While that was just an option for whales no-one seemed to care very much. Then Daybreak turned off the drops. Masters, always rare, became virtually unknown, even in raids. Adepts, the bread and butter of leveling and regular play, went from dropping commonly to become even rare than Masters used to be.

What with that, and the addition of the mistrusted Ascension system, which many players feel devalues their class choice and turns everyone into a Wizard, and which also has to be researched in the same way, there's a feeling that the pips are being squeezed dry. How true that is is hard to assess, particularly from my ironically-priveliged position in the cheap seats at the back.

I worry, though, that in the necessary drive to keep the game profitable by serving a very specific and fixed customer base, the dial may have been pushed a little too far in the direction of bringing the money in. Fan service gets a bad name for some very good reasons but in this case I hope this year's expansion is at least a little more directed towards the hardcore and their needs than the last few have been.

Turning the Adept and Master taps back on would help a lot. People didn't seem to mind paying to get to the top tiers so much. It's having to pay all the way that's hacked them off. Then again, crafters who make Experts must be laughing all the way to the bank. Hmm.. Come to think of it, I have a Scholar who can do that...

As always, you can't please all of the people all of the time. When it comes down to it you have to make a choice. As a dirty casual I've had a very good run these last few years. If next expansion sees the wheel turn a litle towards the Heroes and Raiders, I won't be complaining.

Well, not much...


  1. Oh crap, I wasn't even aware of those drop rate changes.

    Like you the scarcity of Masters never affected me all that much since I stopped raiding around '08 or '09. Crafting the Experts myself and only upgrading the most important spells by just waiting was more than enough for my needs.

    But imagining the situation as you descibe it...pretty horrible tbh. I wouldn't have thought they'd go this far, considering how consumer-friendly they still are otherwise.

    1. I wish someone who's actually involved in the Heroic/Raid endgame read and commented here because I have to take my soundings from places like the official forums, which have been a breeding ground for discontent for far longer than Daybreak have been around.

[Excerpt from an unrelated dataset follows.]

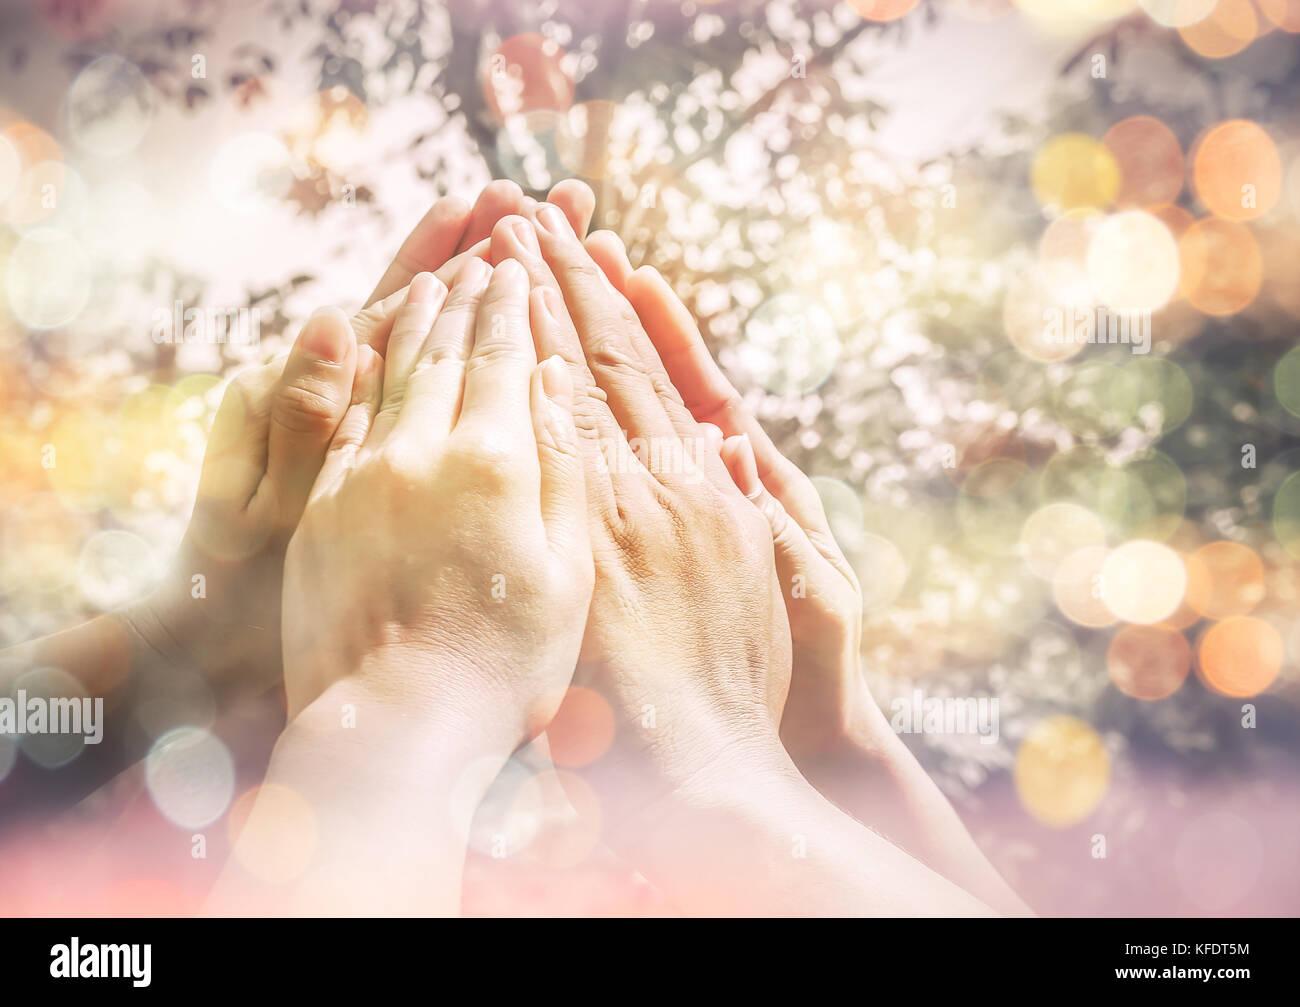 Grupo de diversos multiétnico pueblo juntos hacer manos altas ,Concepto de trabajo en equipo, el trabajo en Imagen De Stock

EQ2 players, historically, are an extremely negative bunch, or at least the ones who post on forums always have been.

      My experience on Adept drops from around level 100 up, though, is that they are at least as uncommon now as Masters used to be. The upside is that theysell for a fortune when you get one, or they do when there's been a level cap rise. And since in EQ2 you never, ever get a spell drop for the class you play, that's very welcome.

      Also on the upside, the current system has really brought crafting into its own. The advice at the start of a new expansion nowadays always seems to be "get full mastercrafted" for arrmor and the rares to make Expert spells are no harder to get than they ever were, as far as I can tell.

      The problem seems to kick in once you get to T1 Heroics, which I have never done. When I was last playing the Group game, dungeons in EQII didn't even have tiers. I don't like the tiered dungeon progression system in any game so it's unlikely to affect me, whatever they do with it. I'm just a bit wary of what might happen if the people who do that sort of stuff finally decide it's not worth it any more. They're probably the ones keeping the lights on...

  2. It doesn't affect me either, but I do appreciate the general difficulty pitch of the non-raid content. I too look forward to a new expansion, I'll be doing the summer gearing event this year again to get a couple of characters ready. Oh and FFXIV has crafting quests for all the tradeskill professions, but they are only every 5 levels (as are adventuring class quests) and, IMHO, the storytelling isn't as involved as in EQ2 as a result of how fragmented they are.

    1. Oddly, I have never crafted in FFXIV (or not since the original, pre-ARR version). I really should do that.

      Can't wait for the Panda's next set of explorations!